Why didn’t the Kings get more for Kevin Martin?

In his post-deadline PER diem column, John Hollinger discusses how the Rockets were able to end up with a ton of assets in the three-way trade with the Kings and the Knicks.

Consider the Kings, for instance. They had a coveted star in Kevin Martin, $13 million in expiring contracts belonging to Kenny Thomas, Sergio Rodriguez, Hilton Armstrong, Ime Udoka and Sean May, and $1.6 million in cap room to do an unbalanced trade. They should have been controlling the entire game on deadline day.

Unfortunately, they didn’t choose to play. Sacramento didn’t let teams know Martin was available, and in fact insisted he wasn’t available; unlike Phoenix with Stoudemire, the Kings have no idea if Houston’s offer was the best one they could have had. In fact, there’s considerable evidence they could have done much better — possibly by bypassing the Rockets entirely.

Consider, for starters, what would have been the perfect home for Martin: Boston. The Kings could have sent Martin and little-used Andres Nocioni to the Celtics for Ray Allen and a first-round pick, and cleared $18 million in cap room (the Celtics, given their current time horizon, would have blurted out yes to this offer in a nanosecond).

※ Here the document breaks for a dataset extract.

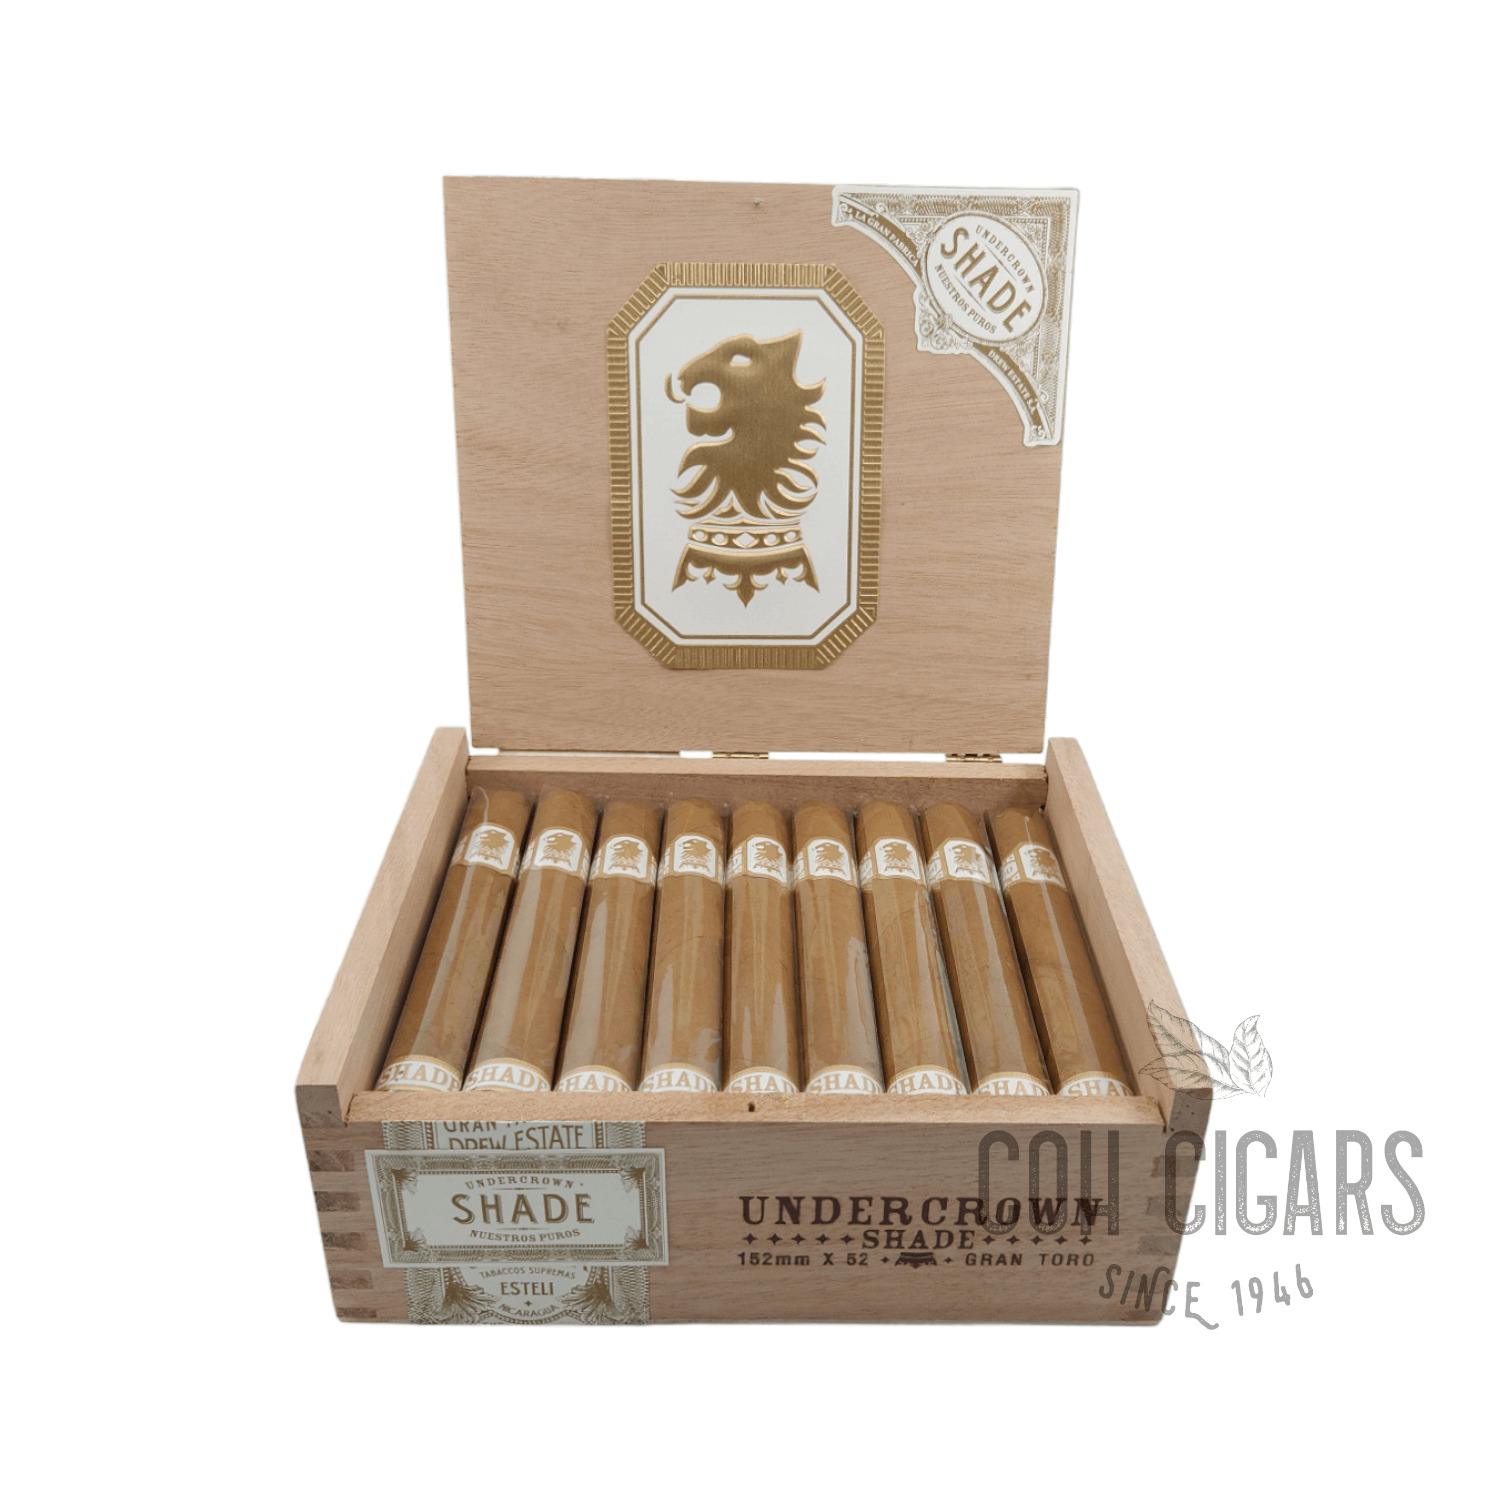 Drew Estate Cigar | Liga Undercrown Shade Gran Toro | Box 25 - hk.cohcigars

They then could have used Allen and Kenny Thomas in a deal with the Knicks and walked away with the exact same trove of assets that the Rockets did. If so, Sacramento wouldn’t have Landry, but look at what they’d have instead: Jordan Hill, New York’s 2012 first-rounder, Boston’s 2011 first-rounder, the right to swap picks with New York in 2011 (admittedly, an item of more value to Houston given the two clubs’ likely records next season), and the same cap room they cleared with the Martin trade.

The only reason they don’t have those assets, it would appear, is that they didn’t ask. While the Kings fiddled, Houston forced the action and squeezed all it could from New York. When the Knicks wouldn’t flinch, the Rockets scrambled to get alternate deals in place: first an all-smoke, no-fire rumor with Chicago, and then a late deal with Sacramento that both pried Martin free and thrust the Knicks into action.

That story echoes a fairly constant background noise that’s been heard about Sacramento in recent years. The Kings have a small front office and nearly everybody in it has been there forever; one gets the impression not that they’ve lost their basketball acumen, but that they aren’t putting in the legwork anymore.

That Martin/Nocioni-for-Allen swap and subsequent trade with the Knicks is an interesting angle on this year’s trade deadline. By not making it known that Martin was available, the Kings didn’t get everyone’s best offer. Conversely, the Suns did hear everyone’s best offer or Stoudemire, and chose not to pull the trigger.